The JVM loads classes as it needs them. (I'm talking about Java 1.6.0_22 here. Older and newer versions of the JVM might actually differ from my observations.)
So...
The first call to whatever routine you are using to sort loads a bunch of class stuff into the JVM. Successive loops with calls to the same class (and underlying classes) have less overhead, so they are faster.
Bottom line: Using times from loops like yours doesn't always tell you what you would like to know.
Cheers!
Z
The reality for modern VM's and computers is actually much more complex, but the same recommendation holds.
Luckily, there are many good resources for benchmarking Java:
How do I write a Correct Micro Benchmark in Java?, in particular the first answer highlights the key factors/steps any good micro-benchmarking code should follow.
The Caliper Project, a benchmarking tool for Java.

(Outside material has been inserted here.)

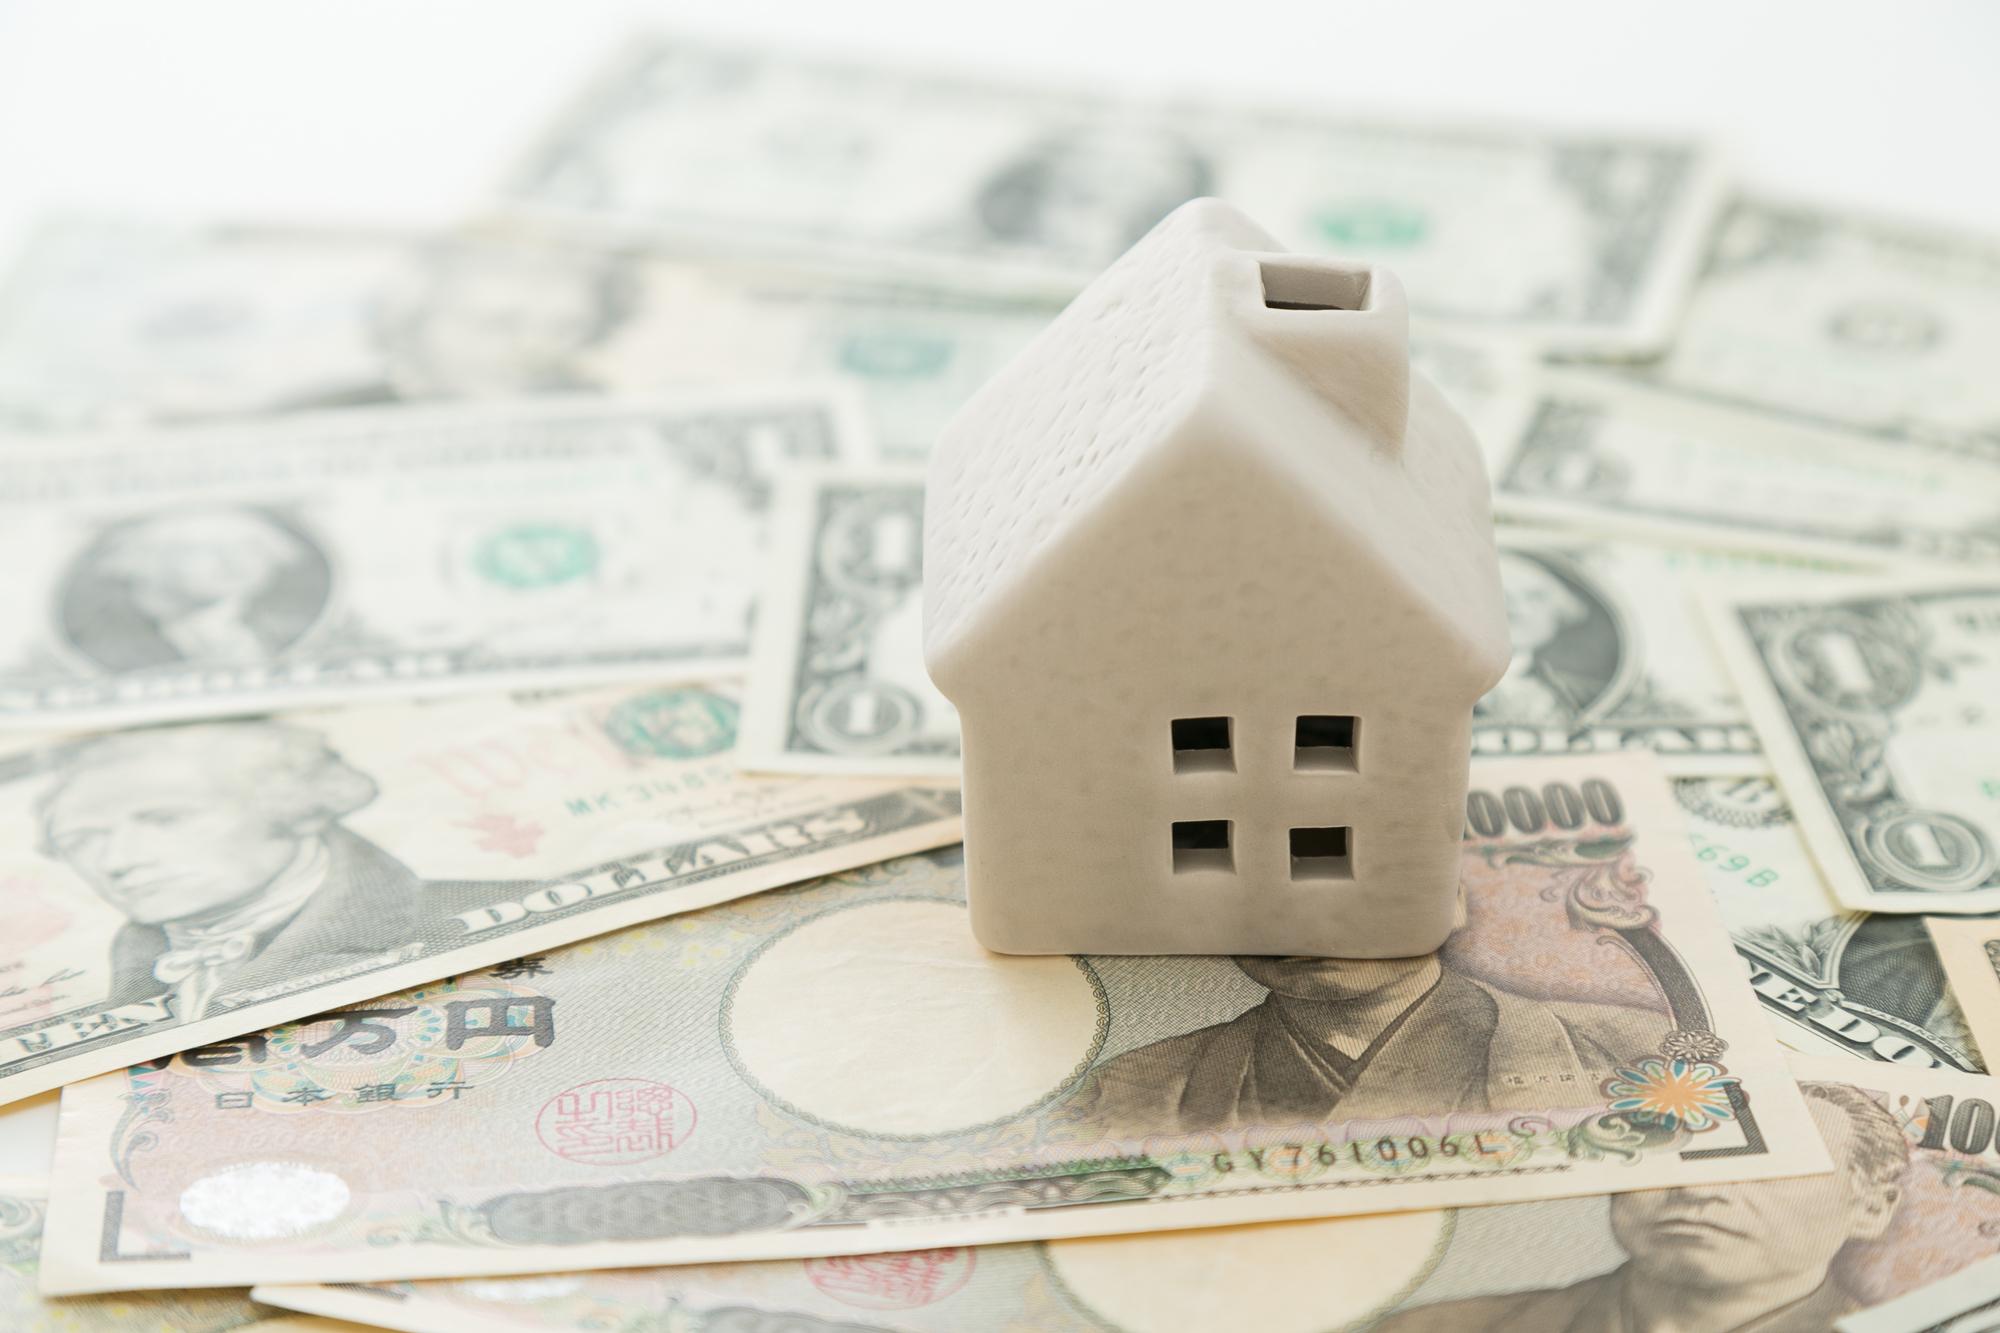 【専門家執筆】輸入住宅を検討するなら知っておきたいメリット・デメリット

VisualVM - From what I've read it's basically the profiling tool separated from the Netbeans IDE
For basic benchmarking, here's the general approach i usually take:
Time the code you want to benchmark several times (I would recommend at least 5 or 10 times, more is better statistically). Optimally you'd want each trial run to be at least 100ms to get rid of any small discrepancies. Use the basic statistical tools such as min/max, standard deviation, mean (average), and median. Sometimes I discard the min/max trials before performing any other analysis such as mean and standard deviation. When benchmarking you want to make sure you have as many background programs closed as possible (not just minimized). The main reason for this is to help get consistent caching, which sometimes is responsible for significant timing differences. If you're standard deviation is rather large, you may want to consider adding more trials, or follow more of the recommendations for the first link I posted about writing a good micro-benchmark in Java.
edit:
Two last consideration I forgot to bring up is to run your code in release mode. This allows the compiler/runtime to make certain optimizations it won't in debug mode. Also make sure you're running all trials on the same computer ideally with the same software installed/running.
Re: Trying to repeat experiment 100 times but results vary for elapsed time
To add to the great advice already received, just a note regarding the code posted: for me it is unclear how the sort is operating on the array, but from what is posted I can make a guess you are passing the same array to the sort method - eg that the array becomes sorted on the first loop iteration and from then on each call to the sort is sorting an already sorted array: in other words you may be measuring the best case time for each of your algorithms (I'm presuming you wish to measure average time - I'll leave it up to you to see if doing so impacts your results dramatically).